Some are seeing the event as muscle-flexing by the BJP in Bihar with an eye on the 2025 Assembly elections.

Nadda embarked on the roadshow from the statue of B.R. Ambedkar on Bailey Road to the statue of Jayaprakash Narayan — a distance of around 2km.

However, party workers loyal to different leaders clashed with each other at a place on the route before Nadda reached there. Chaos prevailed for some time before a few leaders stepped in to control the situation. The police used mild force to disperse the warring groups.

“This is what happens if you bring in ‘biker gangs’ and goons into the party.
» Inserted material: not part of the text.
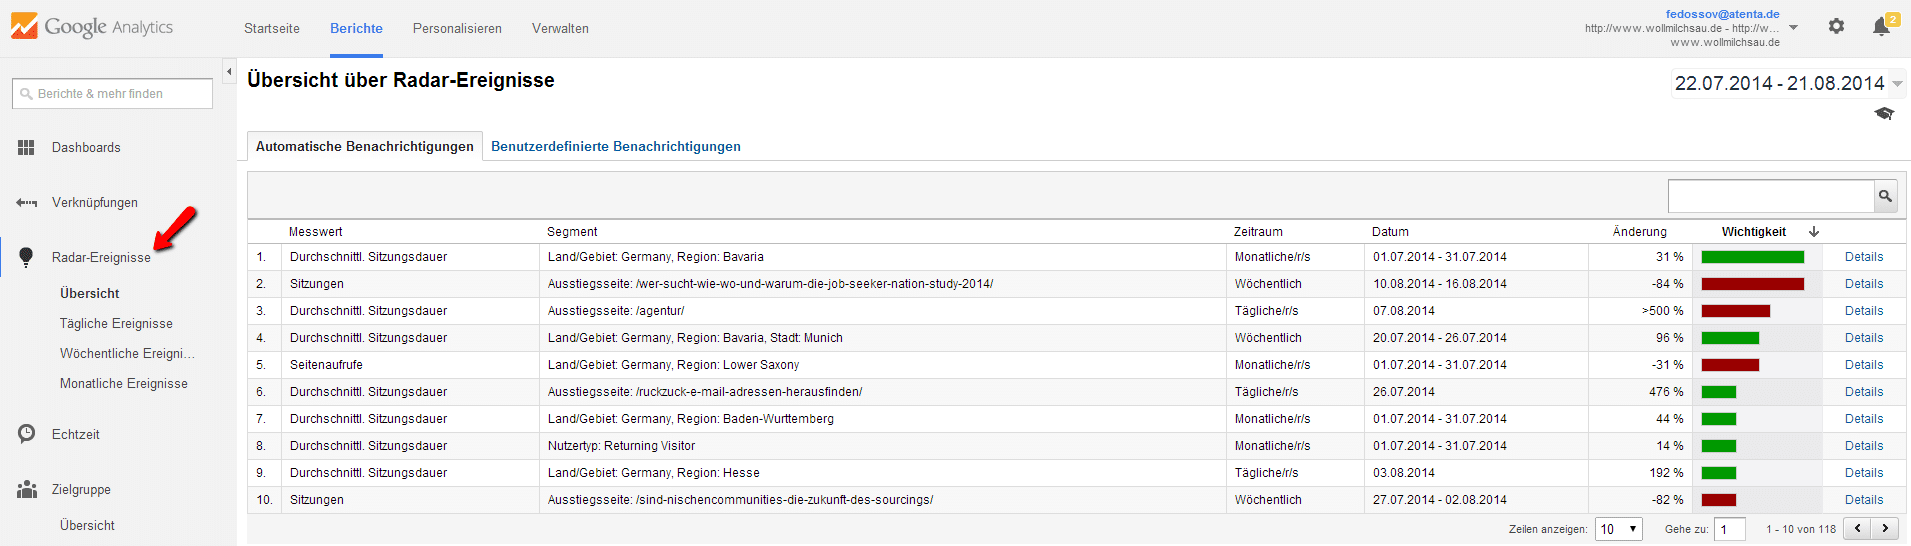 Übersicht aller Google Analytics Radar-Ereignisse
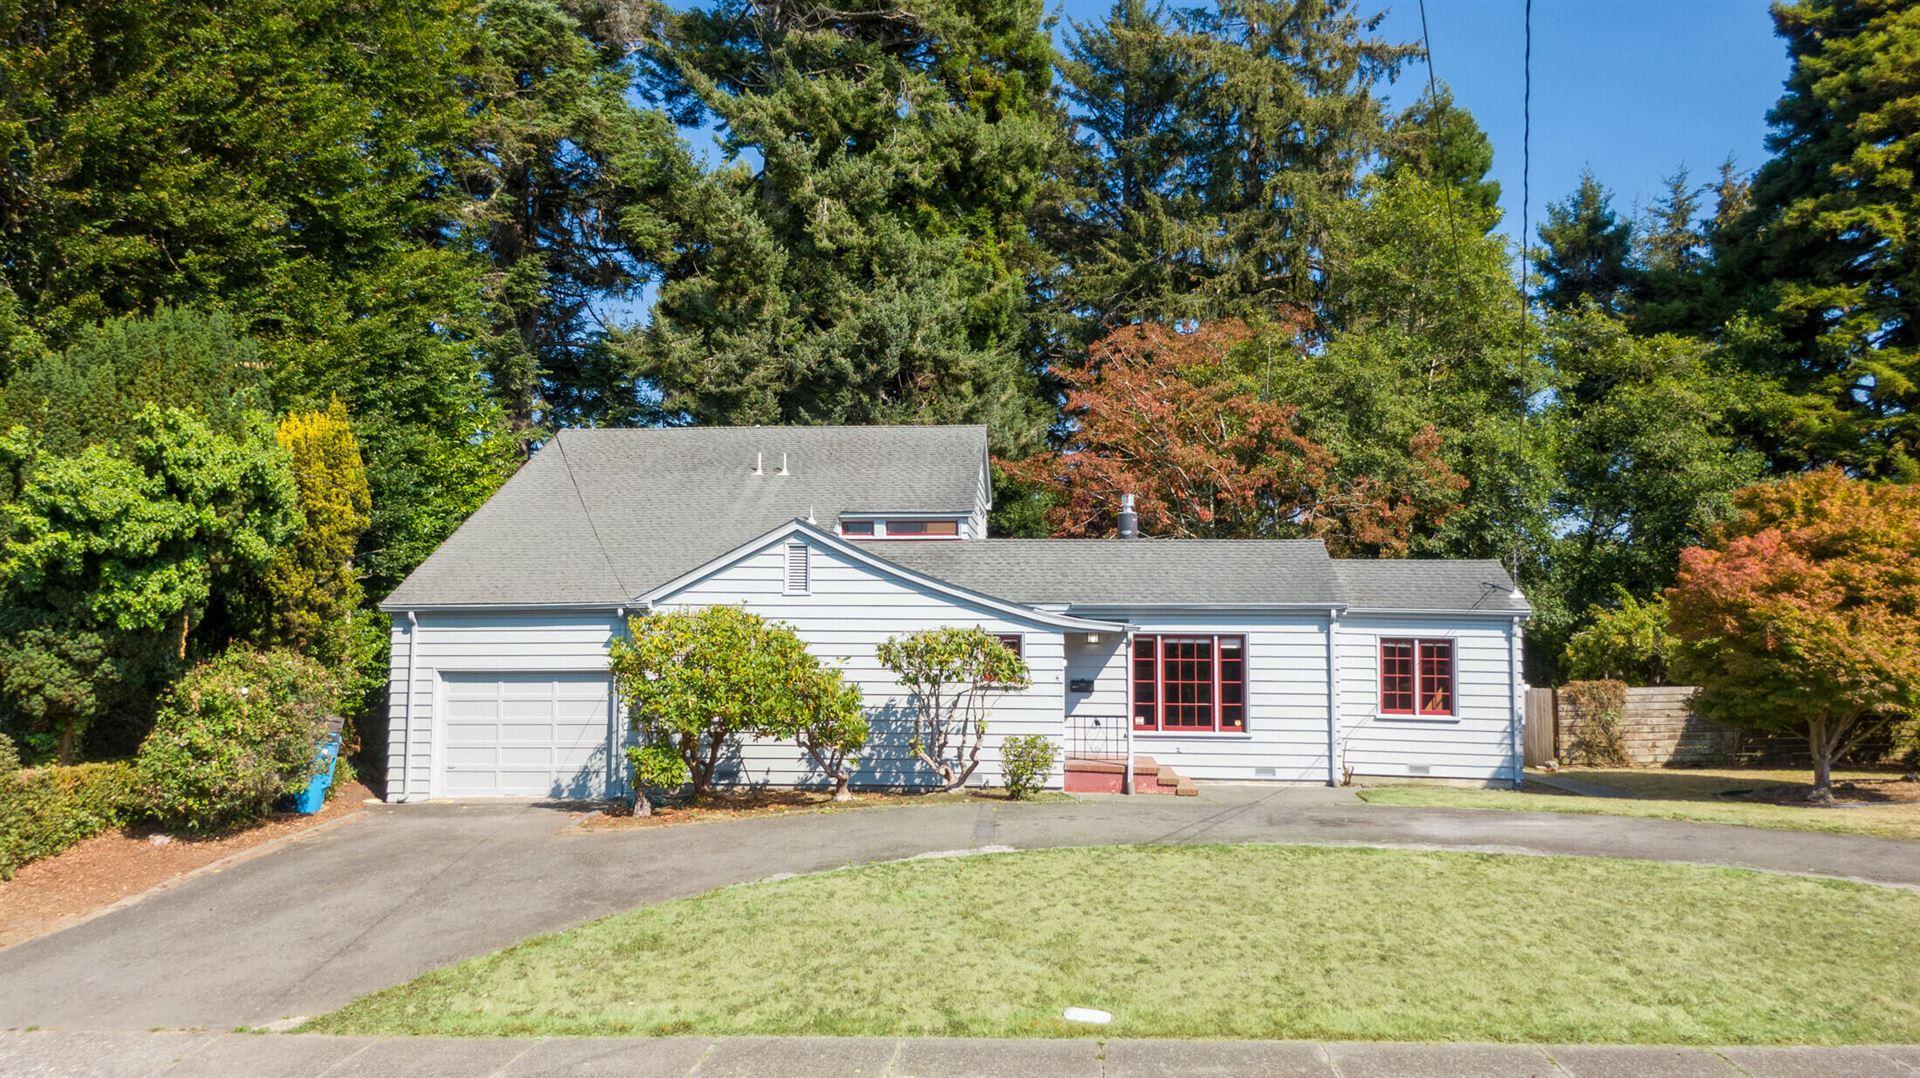 2525 L Street, Eureka, CA 95501 - MLS#: 260077

Increasing the number of followers and supporters is okay, but do not compromise on discipline for it,” a BJP MLA told this newspaper on the condition of anonymity.

Later, Nadda visited Patna College, his alma mater, where students affiliated to the Left parties waved black flags and posters, shouted slogans asking him to “go back”, and sought central university status for Patna University. Many demanded that the New Education Policy be discarded.

The police lathicharged the students after they blocked Nadda.

The BJP president also chaired a gram sansad (village parliament) attended by panchayat representatives. Janata Dal United (JDU) leader and Bihar water resources minister Sanjay Jha was invited to the event as a guest speaker, but he did not show up.

“The Congress failed to implement the ‘gram swarajya’ visualised by Mahatma Gandhi to make the villages self-reliant. The BJP is implementing it by empowering the panchayats, increasing their efficiency, using digital technology to make plans and monitor them as well as increasing expenditure on them,” Nadda said on the occasion.